Sejarah Haji di Indonesia dari Aceh Abad 16
Cerita dimulai pada awal abad 16, saat itu hubungan antara Nusantara dengan Arab memasuki babak baru. Hal tersebut ditandai dengan semakin maraknya pedagang sekaligus ulama Nusantara yang ikut serta dalam pelayaran ke Asia Barat. Pada tahun 1526 armada dari Nusantara, khususnya dari Aceh, memulai pelayarannya ke Jeddah untuk berdagang.
Mereka kemudian banyak yang menetap di Haramain sembari menuntut ilmu agama. Disebutkan dalam buku "Historiografi Haji Indonesia" karya Shaleh Patuhena, pada tahun 1556 telah ada lima kapal besar Aceh yang berlabuh di Jeddah. Ulama Aceh yang berdatangan ke tanah Arab itu selain menimba ilmu ternyata juga manfaatkan waktunya untuk berhaji.
Selama mencari pengetahuan bersama ulama-ulama besar di Arab ternyata di saat yang sama bangsa Eropa mulai melakukan pelayarannya ke Nusantara. Mereka ingin mencari harapan baru setelah pusat perdagangan di Konstantinopel, Turki ditutup.
Kedatangan mereka menjadi masalah karena selama mereka ingin berkuasa di Nusantara juga ingin menyingkirkan Islam. Namun di tengah hambatan itu, masyarakat Nusantara yang ingin ke Makkah tetap secara sporadis bisa bergantian untuk belajar di Arab sekaligus menunaikan ibadah haji.
Menurut catatan Louis Barthema, Syarif Hidayatullah atau lebih dikenal dengan Sunan Gunung Jati juga pergi ke Makkah setelah kota kelahirannya, Pasai, ditaklukkan Portugis pada tahun 1521. Ia di sana selama tiga tahun. Selain berhaji, saat itu Sunan Gunung Jati juga tampil sebagai diplomat untuk meminta bantuan Turki Utsmani agar mengusir Portugis di Pasai.
Sepanjang periode abad ke-16, para pedagang dan ulama tersebut kemudian membentuk komunitas orang Nusantara di negeri asal Rasulullah tersebut. Komunitas ini yang kemudian menjadi titik awal semakin giatnya orang Aceh hingga Ternate yang secara bergantian mengunjungi negeri Arab.
Selepas menimba ilmu di Makkah dan Madinah, para ulama sekaligus pedagang tersebut kemudian memutuskan untuk kembali ke kampung halamannya.
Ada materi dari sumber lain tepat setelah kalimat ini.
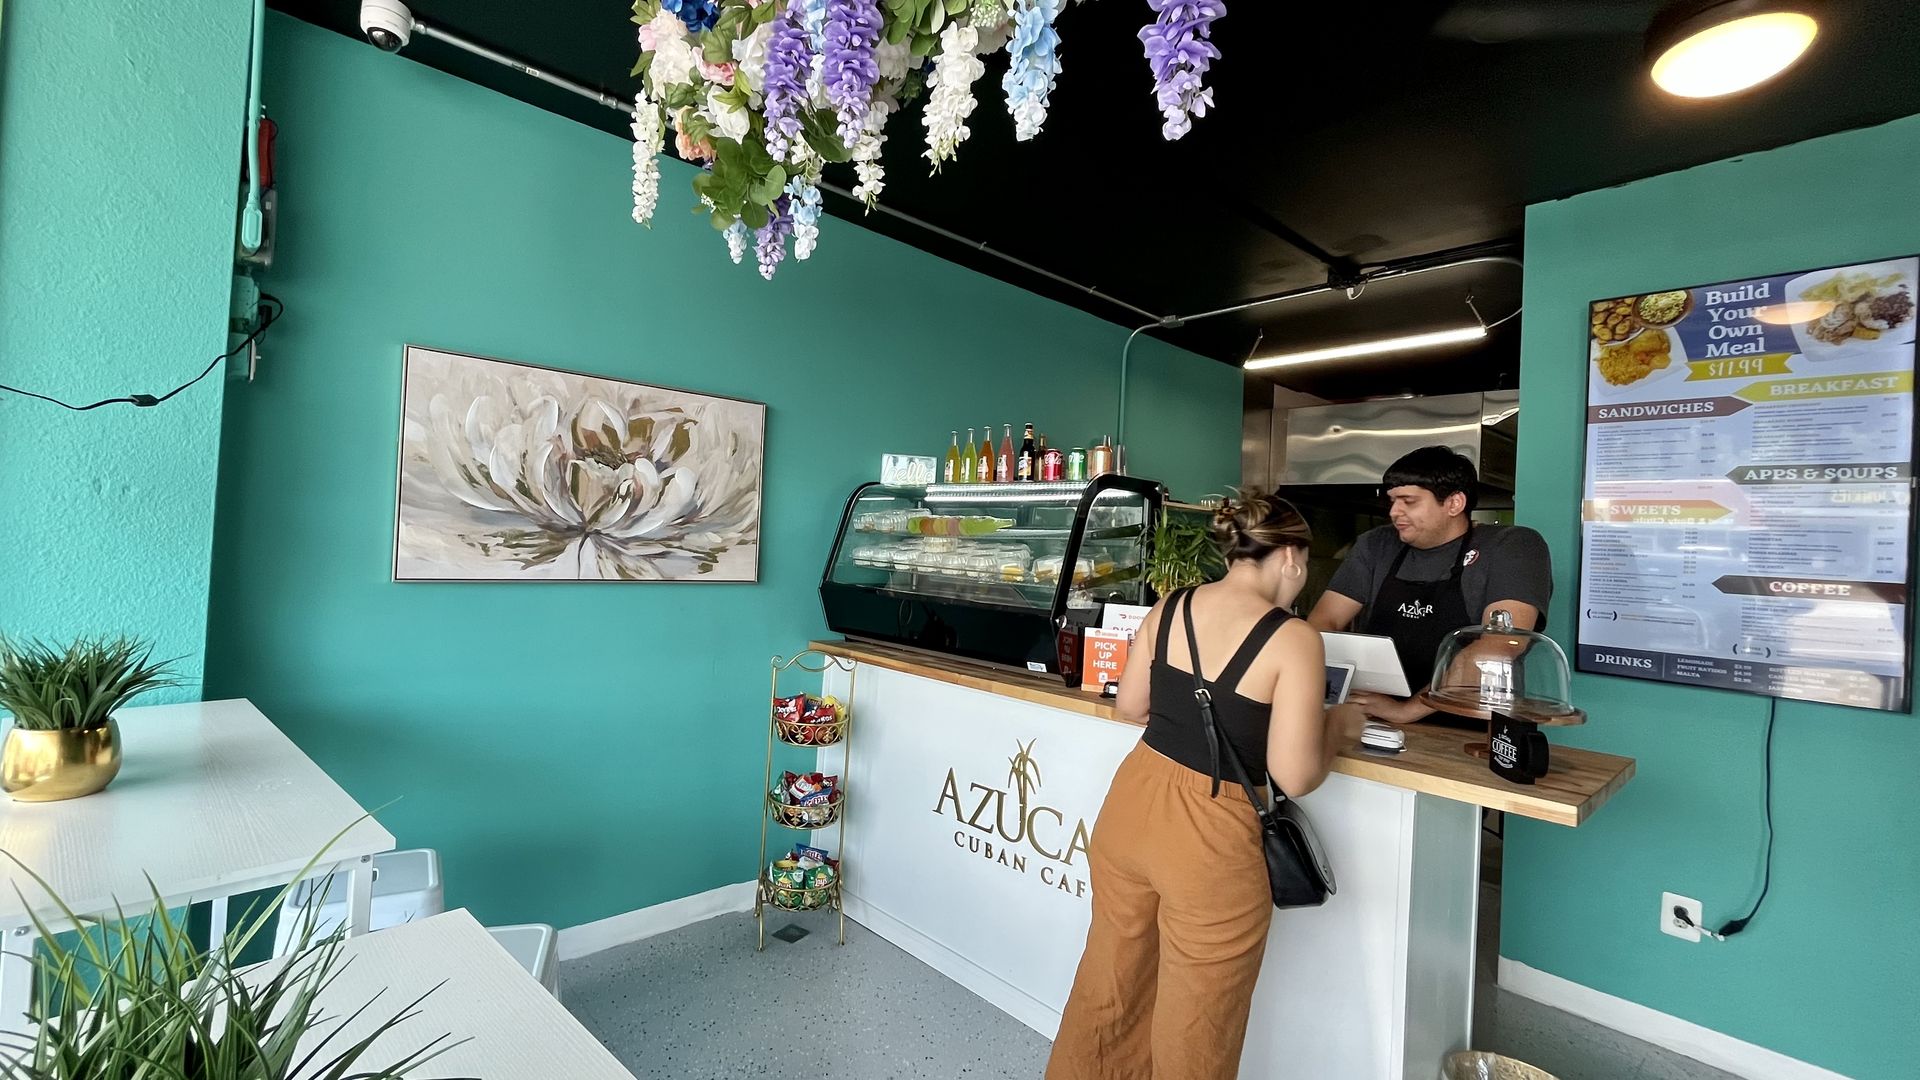 A man in a gray shirt and black apron takes the order of a woman in a black top and orange pants orders  at a white counter that says Azucar Cuban Cafe. The walls are bright teal, and purple, white and blue flowers hang from the ceiling.

Masyarakat Nusantara pun diberikan ilmu soal ibadah haji. Kala itu pemahaman masyarakat tentang Islam masih minim.
Singkat cerita, beberapa pusat pemerintahan di Nusantara dari Jawa hingga Ternate dijadikan para ulama sebagai pelabuhan embarkasi haji pada kuartal akhir abad ke-17. Hal ini membuat kesempatan mereka yang ingin pergi ke Makkah untuk berlayar ke Jeddah menjadi lebih terbuka.
Puncak perkembangan pesat yang mendasar dalam perjalanan ibadah haji dimulai pada tahun 1826. Dalam catatan pemerintah Belanda "Resolutie van den Gouveumeur Generaal van Nederlandsche Indie" yang diterbitkan Oktober tahun 1825, 200 orang pribumi yang berasal dari Batavia dan residen lainnya menghadap polisi Belanda untuk meminta paspor jalan ibadah haji. Mereka melaporkan ingin berhaji bersama kapal Magbar milik Syaikh Umar Bugis.
Pemerintah Belanda pun mengizinkan dengan mengeluarkan resolusinya.
"Dengan disposisi ini untuk pengesahan kepada mereka yang telah menghadap polisi untuk memperoleh paspor ke Makkah dengan kapal Magbar telah diizinkan berangkat ke sana," kutipan terjemahan dari bahasa Belanda dari Resolutie van den Gouveumeur Generaal van Nederlandsche Indie yang diterbitkan Oktober tahun 1825.